Critical for autonomous loops. Multi-hour tasks need background operations that don’t fail silently or overwhelm context when they complete.

Self-Verification: Auto-Continue

Claude’s ability to verify its own work compounds everything else. Tests, type checkers, browser automation. But output limits would truncate responses mid-thought, requiring manual “continue” prompts.

Now verification is more autonomous:

  • Auto-continue on output limit. Claude automatically continues when response is cut off due to output token limit. No error messages, no manual intervention.
  • Real-time thinking in transcript mode. Ctrl+O shows thinking blocks as they happen, not just after completion.
Verification loops matter more

With auto-continue and resilient subagents, verification loops become more reliable. Claude can run tests, hit an issue, try another approach, and keep going. The human-in-the-loop is for direction, not for babysitting output limits.

What’s Still Missing

Not everything made the cut:

  • No explicit skill invocation flag. Can’t claude --skill=analysis to force a skill when semantic matching fails.
  • No --disable-skill flag. Can’t block a skill for a session when you know you don’t want it.
  • No invocation logging. Can’t see which skills Claude considered and why.
  • Conditional logic still limited. Can’t say “only use this skill after X tool fails” in declarative config.
The trajectory matters

Claude Code is absorbing the patterns that work. Skills + slash commands. Hooks in frontmatter. Frictionless plan mode. The direction is toward explicit control and deterministic enforcement.

What to Watch

Two things to track:

Hooks as the guardrails layer. Guardrails by default isn’t just philosophy anymore. With hooks in agent/skill/command frontmatter, enforcement can be built into every capability you ship. The question is whether teams adopt this pattern or continue relying on prompt-based rules.

Skills as hybrid capabilities.
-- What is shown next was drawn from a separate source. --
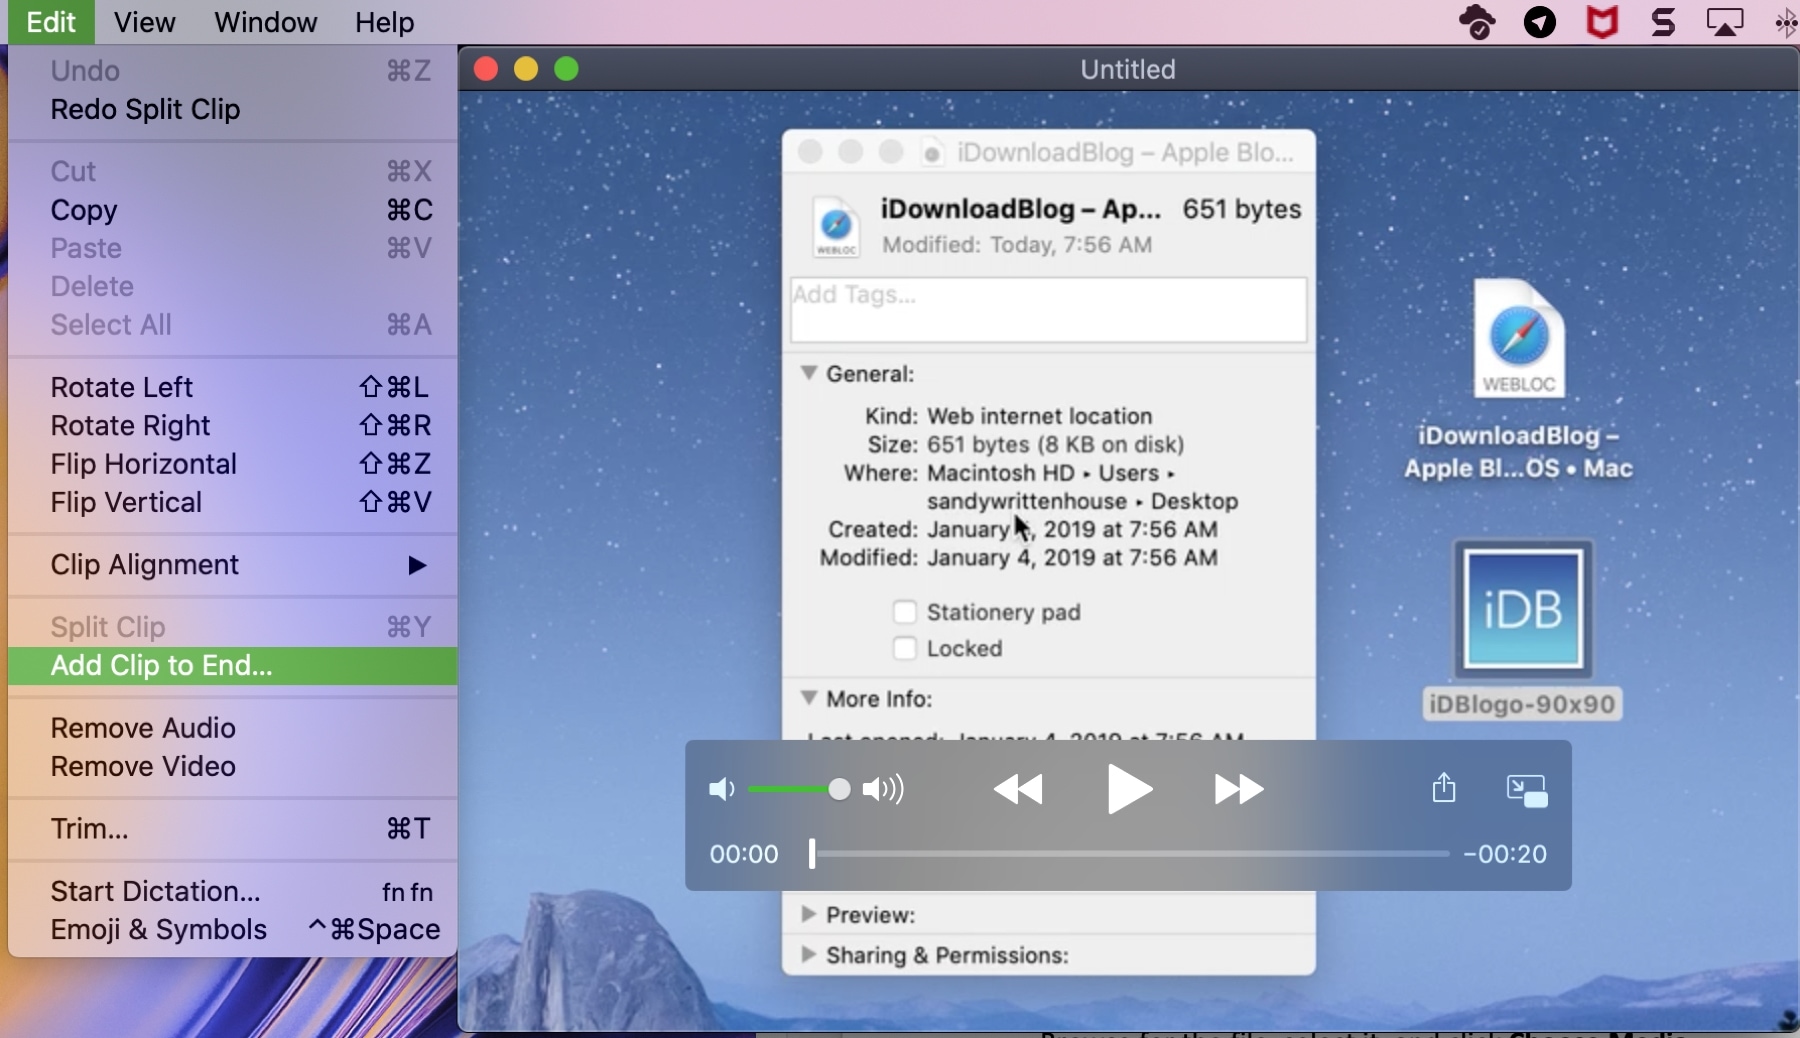 download quicktime for mac

The slash command visibility means skills can be both auto-invoked (when Claude thinks they’re relevant) and explicitly invoked (when you know you need them). This hybrid model is exactly what users asked for. Whether it works in practice depends on how well Claude’s semantic matching handles the overlap.

Try It

claude update

If you’re on 2.0.x, upgrade. If you’ve been frustrated by skills controllability, hooks limitations, or plan mode friction - this release is for you.

The documented pain points? Most of them are addressed. Not perfectly. But substantially. Claude Code is becoming the tool it should be.

The best AI coding tool isn’t the smartest. It’s the one that gives you control when you need it and gets out of the way when you don’t.